• _GIVEN INFORMATION_
┌────────

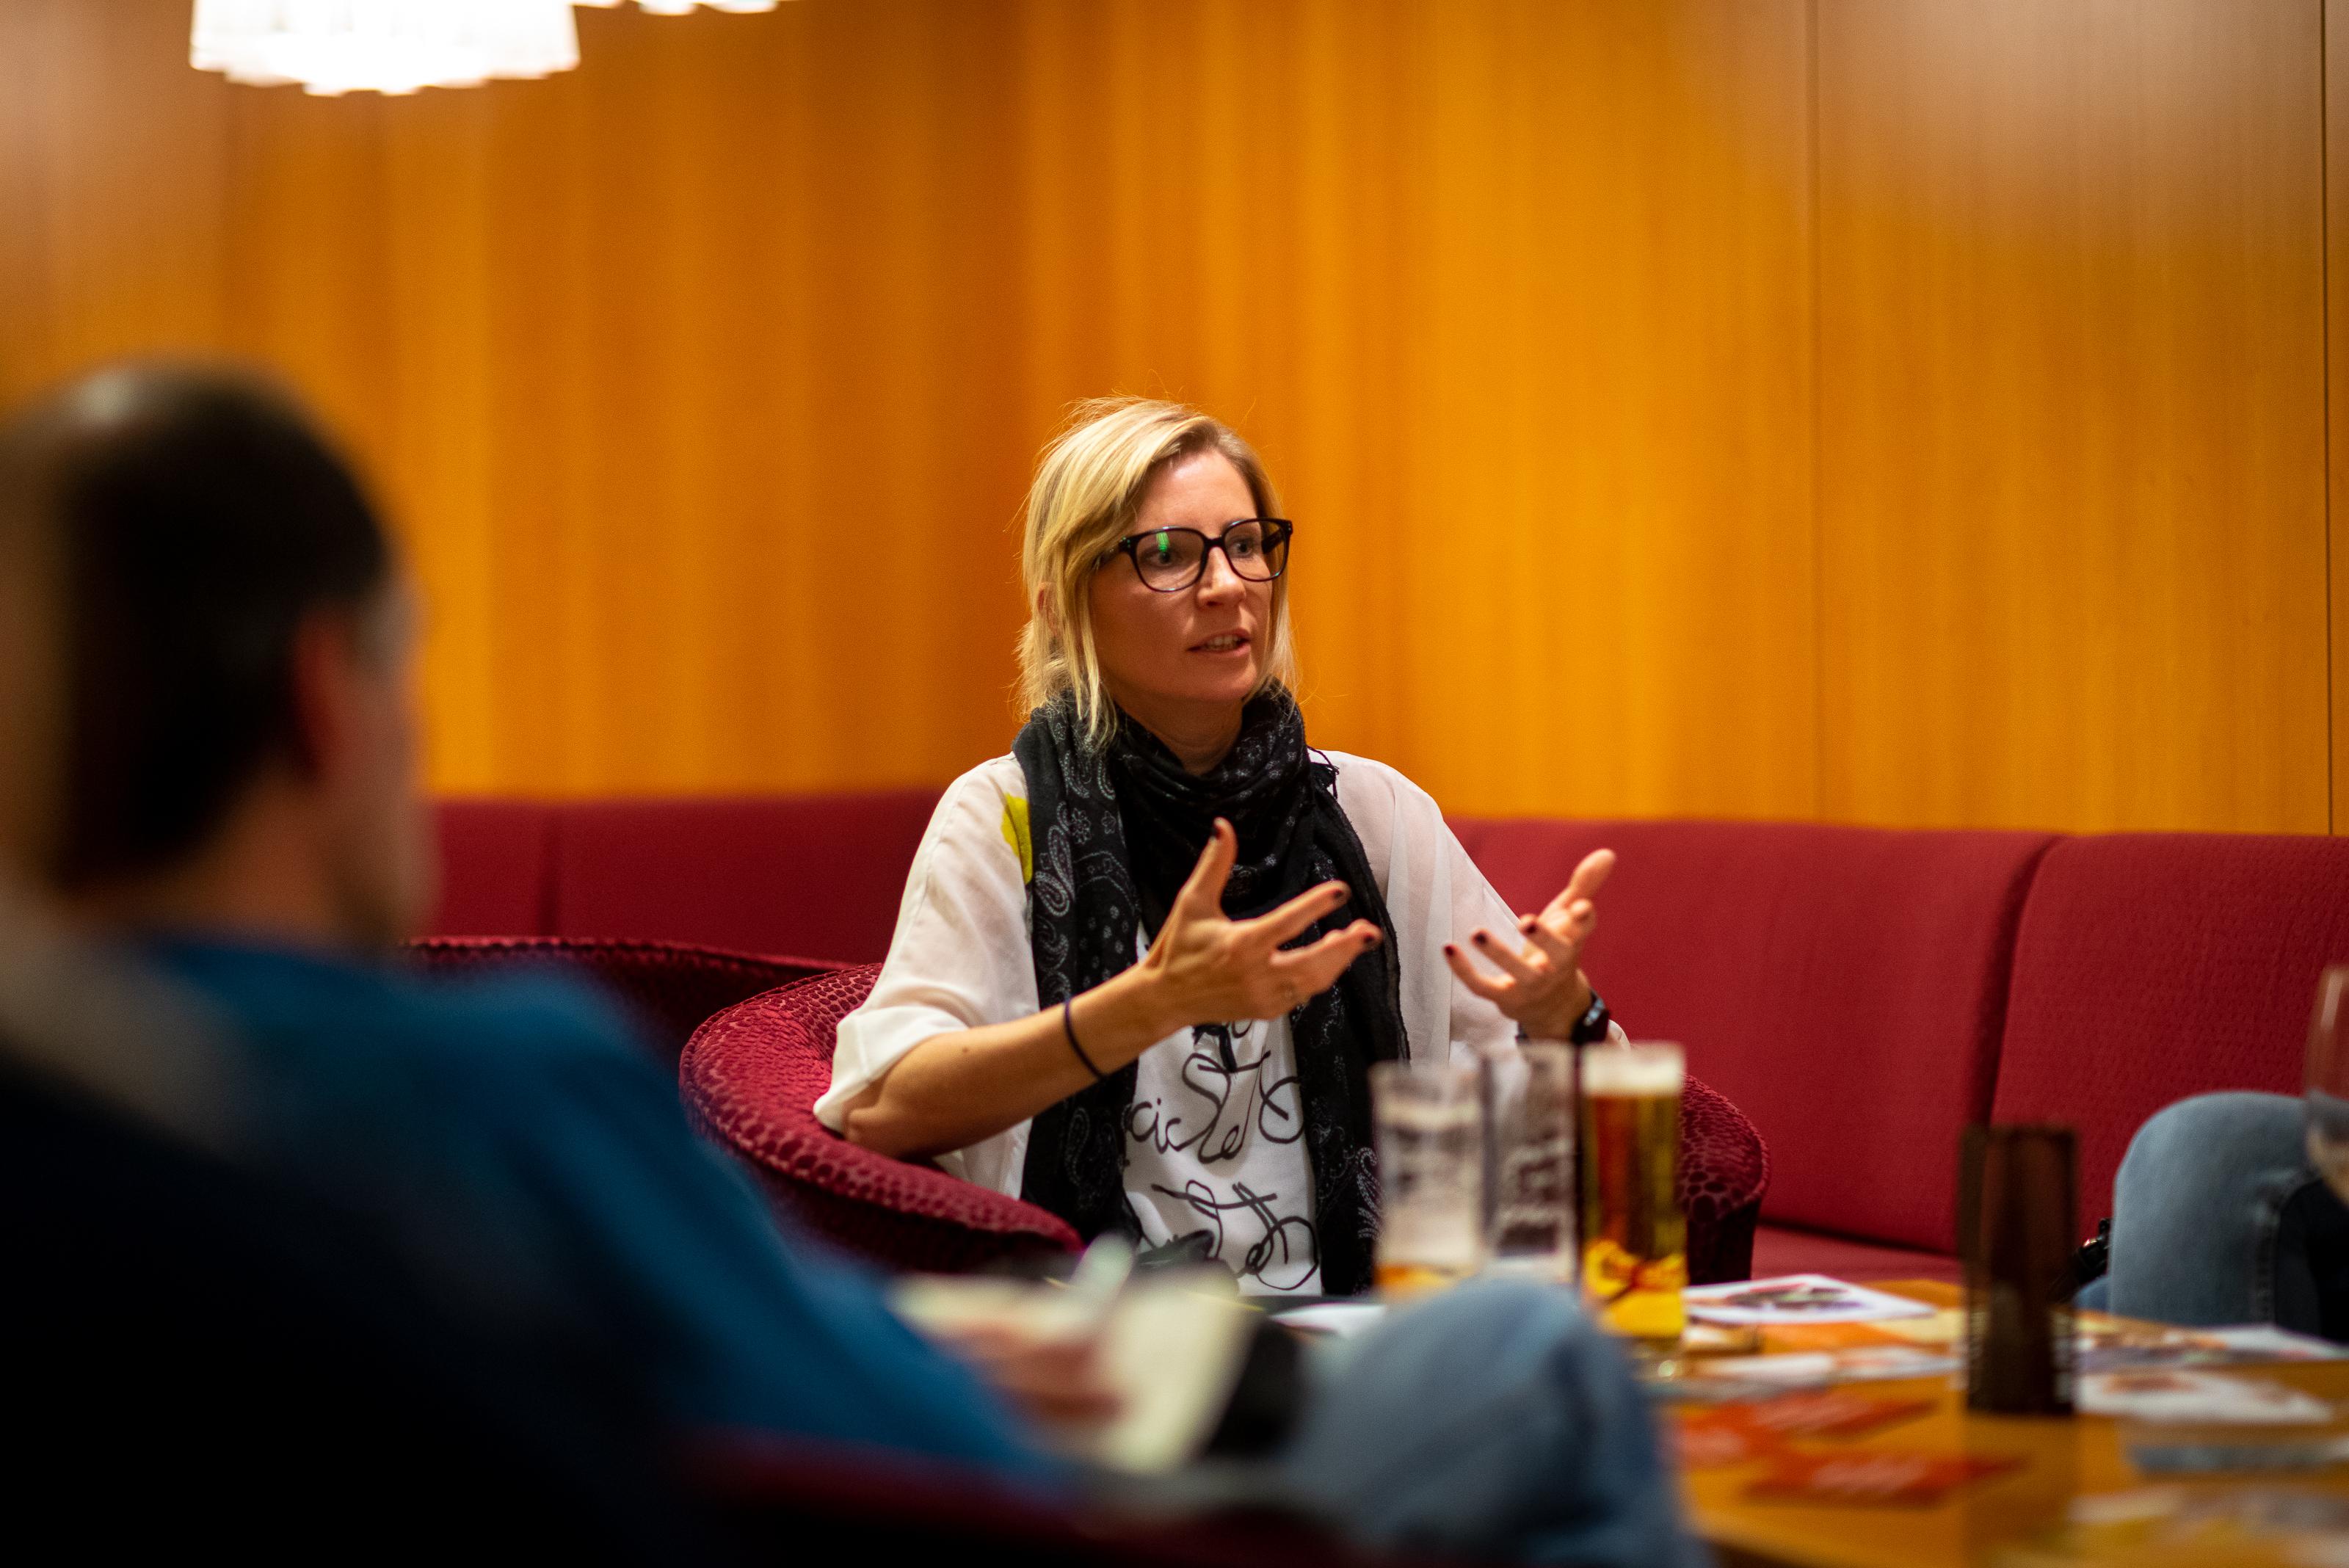 """Lange Nacht der Philosophie: St. Virgil Salzburg - Dr. Cornelia Bruell übder """"Die Lüge"""". Philosophischer SalonFake-News, Notlügen und Schwindeln aus Höflichkeit."""
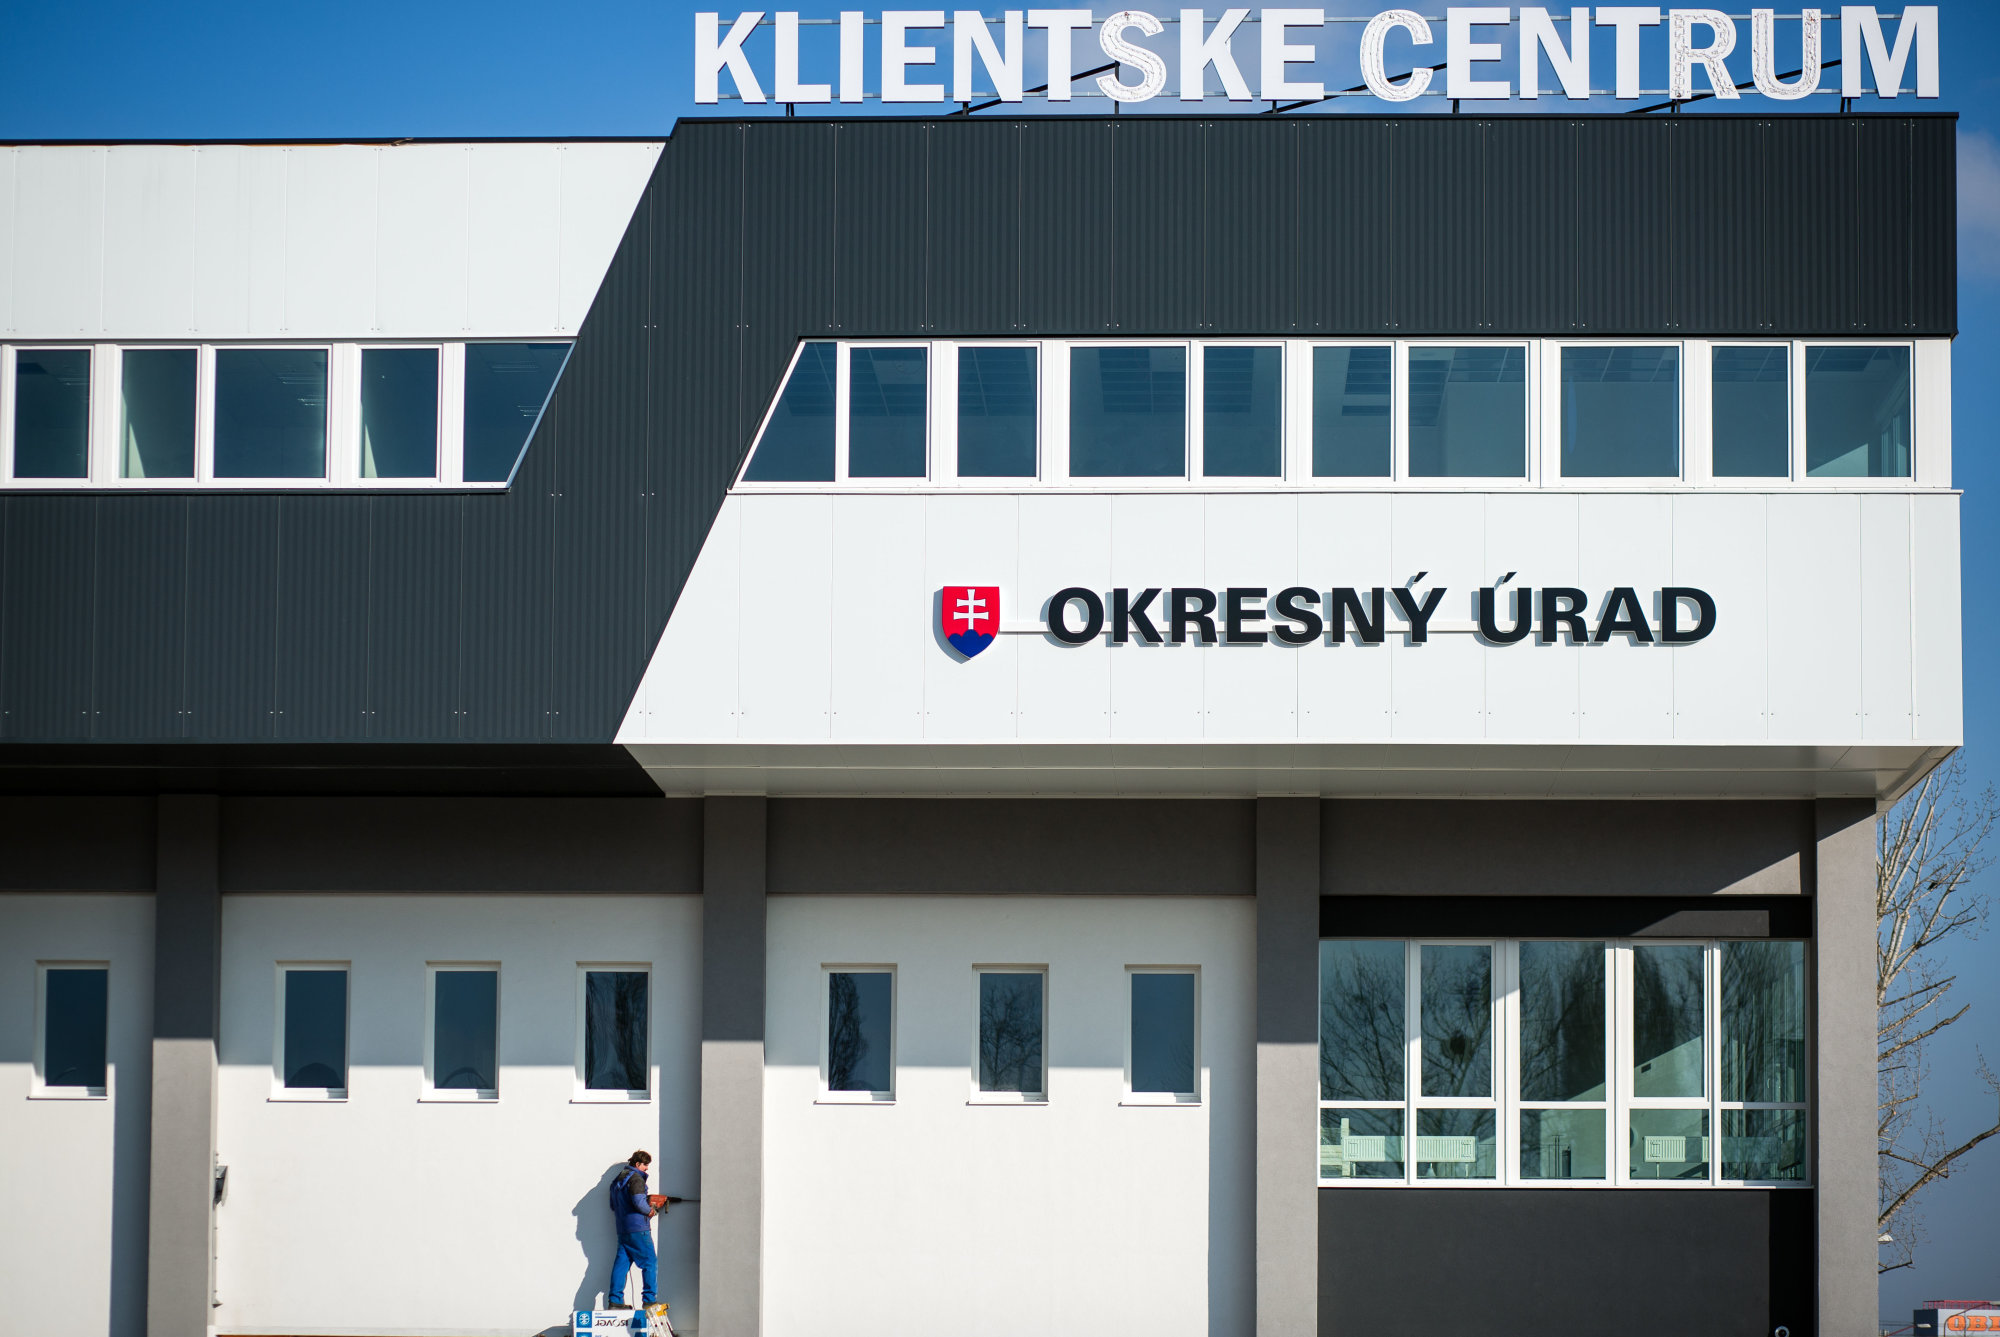 V klientskom centre v Bratislave bola razia, úplatky tam kryli cez sprostredkovateľskú firmu – Denník N
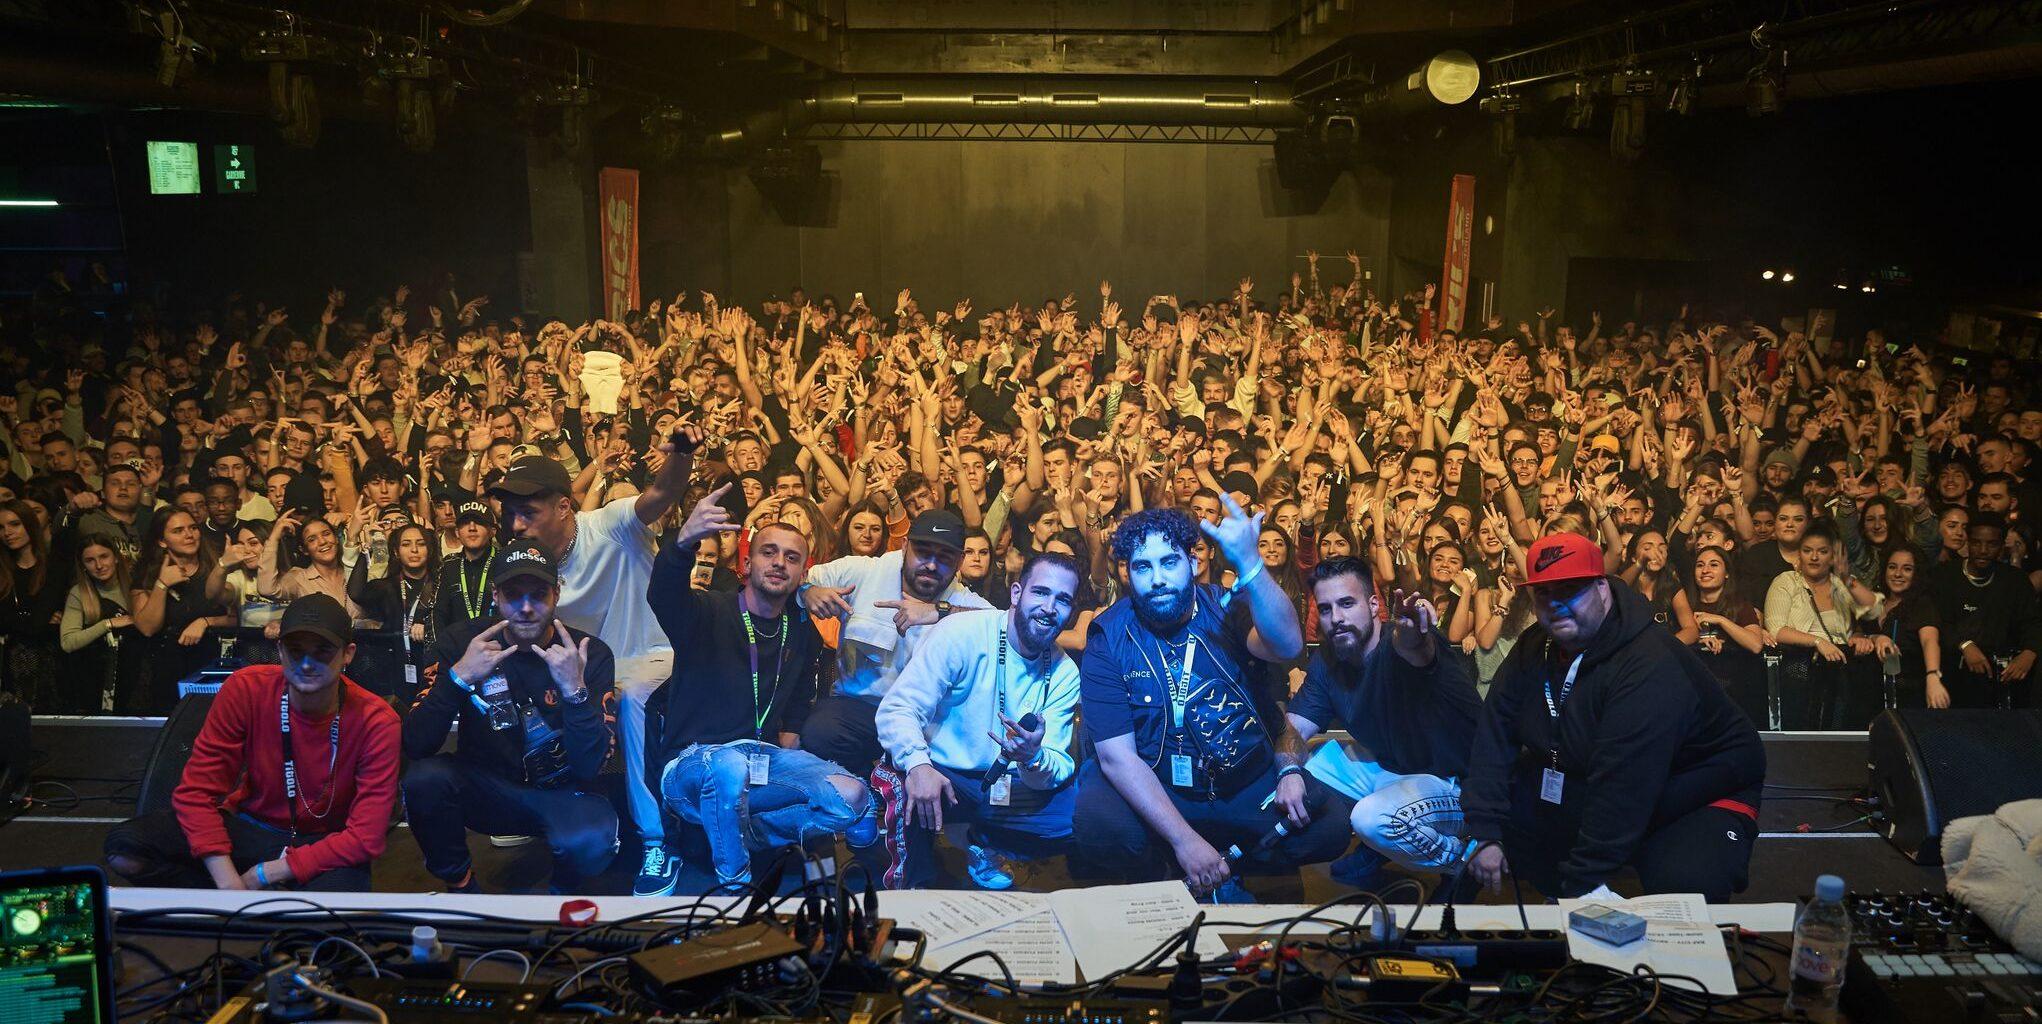 Wieso es mehr Events wie das Rap City braucht

└────────

• _TRY IT_
Write out exactly the lines beginning with the line that holds "V klientskom centre" and ending with the final line of the data, both ends included, without the pictures.

• _TASK ANSWER_
 V klientskom centre v Bratislave bola razia, úplatky tam kryli cez sprostredkovateľskú firmu – Denník N
 Wieso es mehr Events wie das Rap City braucht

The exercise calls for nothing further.